As I reflect on my past of heavy reading, I truly appreciate my parents for preparing me for the future. I still to this day am always engrossed with a good book. No matter what’s going on in my life, I always have an alternative world I can quickly transport to. Reading always has been and always will be an enormous part of my life.

Wednesday, August 29, 2012

I Am: Amaryllis

I am the Amaryllis.
I wonder when my time will come to bloom. 
I hear voices exerting me forward;
I see bathetic faces leading me through. 
I want to free myself of this discomposure. 
I am the Amaryllis. 

I pretend to detach from reality. 
I feel the icy wind blow throughout my fantasy. 
I touch silence, even when surrounded by emphatic sound.
I worry that "infinity" is coming to an end. 
I cry. 
I am the Amaryllis. 

I understand any vex but my own. 
I say, "Find contentment within yourself."
I dream that I could mean what I say. 
I try to elude away from pessimism. 
I am the Amaryllis.. 
And I WILL bloom. 

Monday, August 27, 2012

The Handsome Drowned Man Inside Us All

  Have you ever read a book or seen a movie that, after in taking it, makes you strive to be a better you? We can't always pinpoint the exact reason, but we do know that there is more for us to do than simply sit around and watch the world moving forward without us. We need to feel as if we have a purpose, or something that we've achieved that others can admire.
 
  In Gabriel Marquez's short story The Handsomest Drowned Man in the World, an amazingly gorgeous dead man is washed onto the shore of a small village. Doing what any kind human would, the villagers proceed with attempting to discover where exactly the man came from. In the middle of that, the women and men begin to magnetize towards this idea that the drowned, abnormally large man was in fact an outstanding and almighty person. In his memory, they decide upon doing things of an unnatural or impossible nature, like "breaking their backs digging for springs among the stones and planting flowers in the cliffs." Before discovering the man, they would've never even imagined attempting these acts. Why do you think that is? Maybe, it was the fantastic theory of the already fantastic man that sparked the awakening of the villagers.
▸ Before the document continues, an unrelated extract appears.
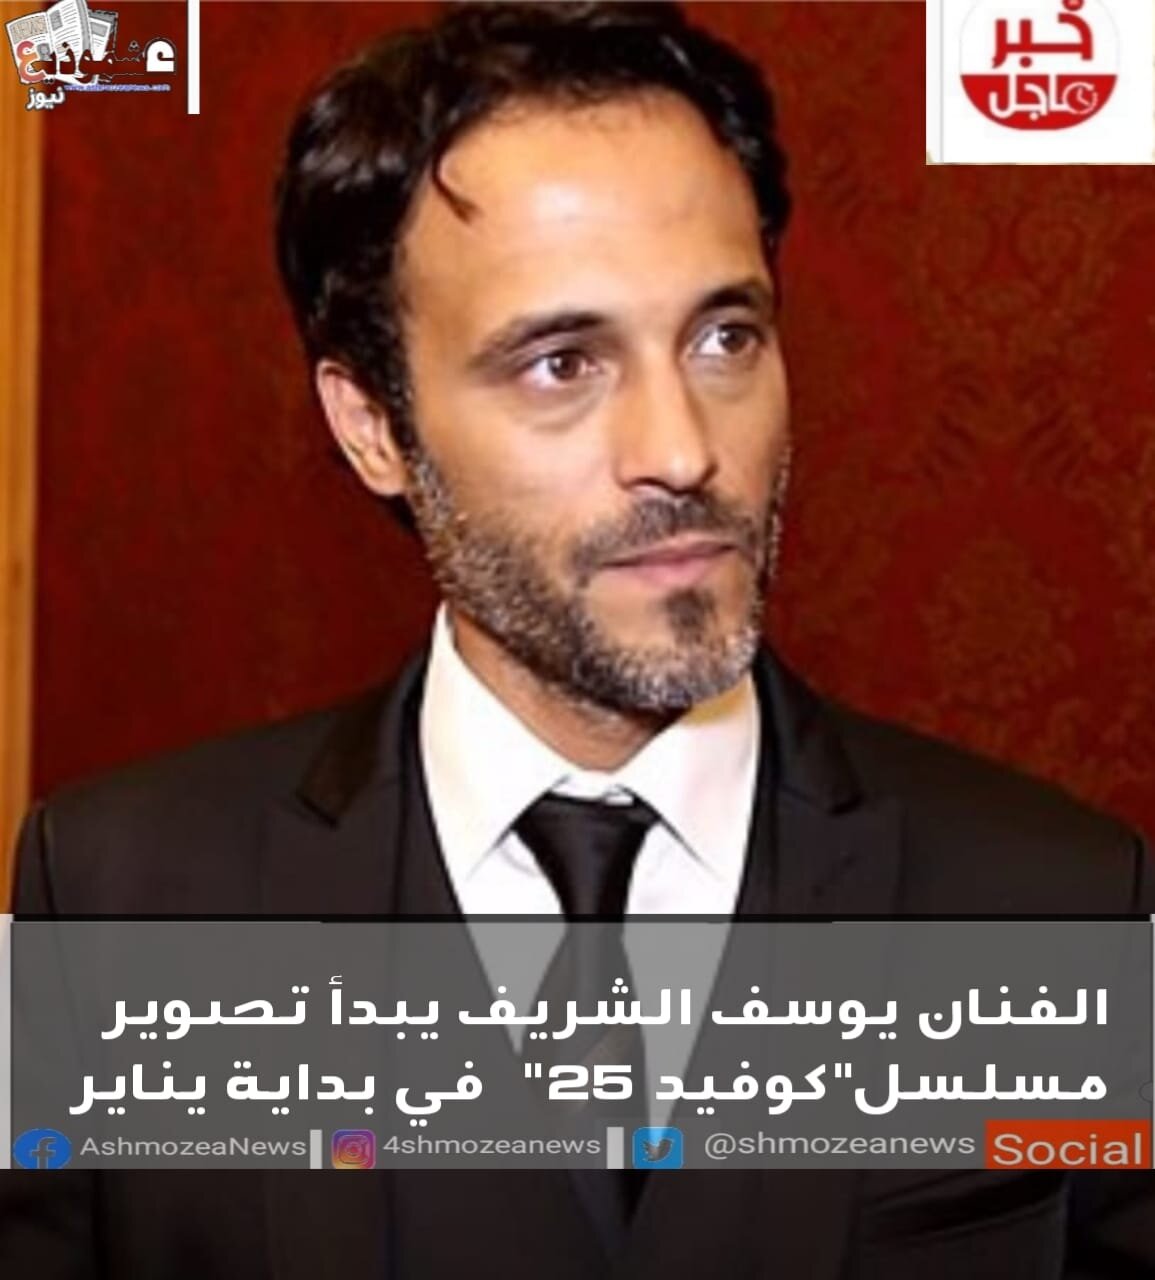 الفنان يوسف الشريف يبدأ تصوير مسلسل"كوفيد 25" في بداية يناير

  Batman, a well known character of the fantasy realm recently captured the attention of people across the nation in the new movie The Dark Knight Rises. Even though most everyone realizes that the events and characters of this movie are completely imagined, (with the exception of the recent movie theatre assassin in Aurora, Colorado), people seem to have a sense of pride after watching it; At least I know I did. We begin to desire to be like Batman, to want to do so much more. Not all admit the childish feeling inside of being a "superhero," but we all know the truth. Every one of you wants to drive the awesome Bat-Mobile and save the city of Gothem from the "bad guy."

  This yearning inside of us is extremely similar to those of the villagers of The Handsomest Drowned Man. Because of a magical character and our idea of them, we desire to be something phenomenal ourselves. We reach with our souls for others to achieve the unthinkable. We yearn for others to be inspired by us. It's quite possibly incorrect to think of anything as being unrealistic or impossible. Maybe, just maybe, we all need a man that either dresses like a bat or is fictionally large and dead in order to reach past the ordinary and soar into the extraordinary.